Co-culturing BC Cells: Culturing Breast Cancer Cells with Bone Fragments to Study Cancer Cell Proliferation

Start by placing a piece of bone wax into two cell culture plates labeled as test and control. Pipette an appropriate amount of bioluminescence expressing breast cancer cells at each plate center and incubate the plates for a specific duration to aid cell attachment. Place a small bone explant on the bone wax in the test plate and secure it by applying pressure.

Slowly pour a cell culture medium with fetal bovine serum, a growth supplement, to each plate side to submerge the explant and incubate at 37 degrees Celsius for a specific duration. The bone tissue in the test plate releases soluble factors, such as cytokines and SRC kinase, which attract breast cancer cells, resulting in their migration. Add a substrate to each plate and place the plates on a bioluminescence imaging chamber.

The cancer cell expressing bioluminescent protein oxidizes the substrate and emits light. Quantify proliferation by measuring total photons emitted by each cell using the software. Cancer cells in the test plate should proliferate faster than the cells in the control plate. In the following protocol, we will co-culture breast cancer cells adjacent to femur bone explants to measure breast cell proliferation.

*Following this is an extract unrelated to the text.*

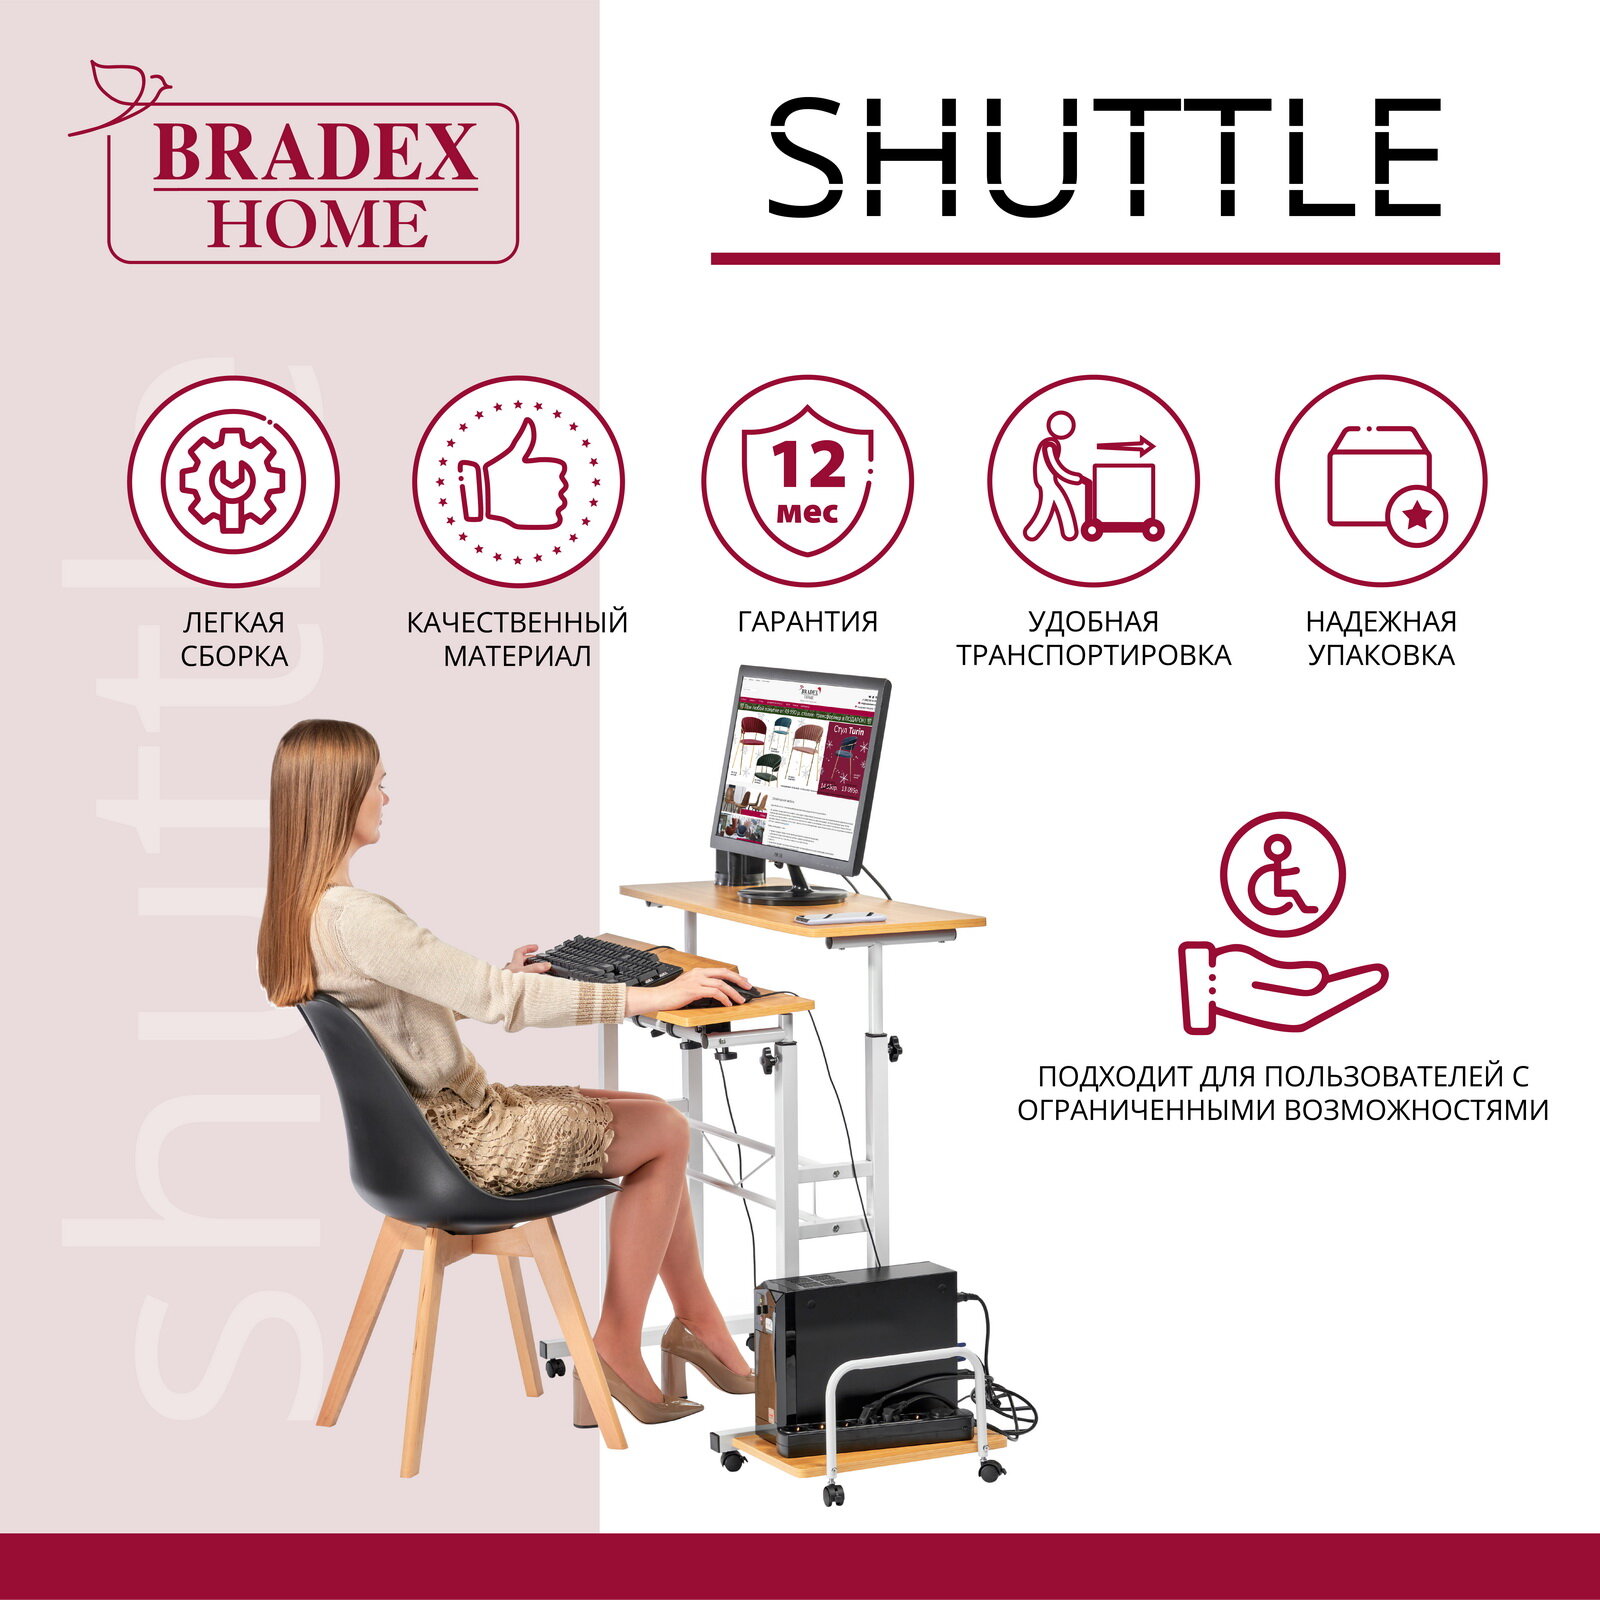 Стол компьютерный Shuttle Bradex Home FR 0690 (DK) - фото №7

For this experiment, prepare a breast cancer cell suspension with 100,000 cells per 50 microliters of DMEM plus 10% FBS. In addition, prepare plugs of bone wax for immobilizing the bone fragments. Using the cut off ends of a micropipette tip, store the plugs in a petri dish. Then with forceps transfer the plugs into a six-well plate and using a sterile glove, press the plugs into the 12 o'clock position.

Next, pipette 50 microliters of the cell suspension into the center of each well. Place the plate in a tissue culture incubator for 45 minutes to promote cell attachment. While the plate incubates, extract the bone fragments. With the cells attached to the plate, place the bone tissue fragments onto the bone wax in 3 wells, and press each down using the rongeur. Three wells without fragment serve as controls.

Next, slowly add five milliliters of DMEM plus 10% FBS to the wall of each well. The bone wax and bone fragments mustn't be dislodged. Then incubate the culture for 20 to 24 hours. The next day, image the cells. First add 300 micrograms per milliliter of luciferin to each well, and then immediately image the plate with an IVIS imaging Platform.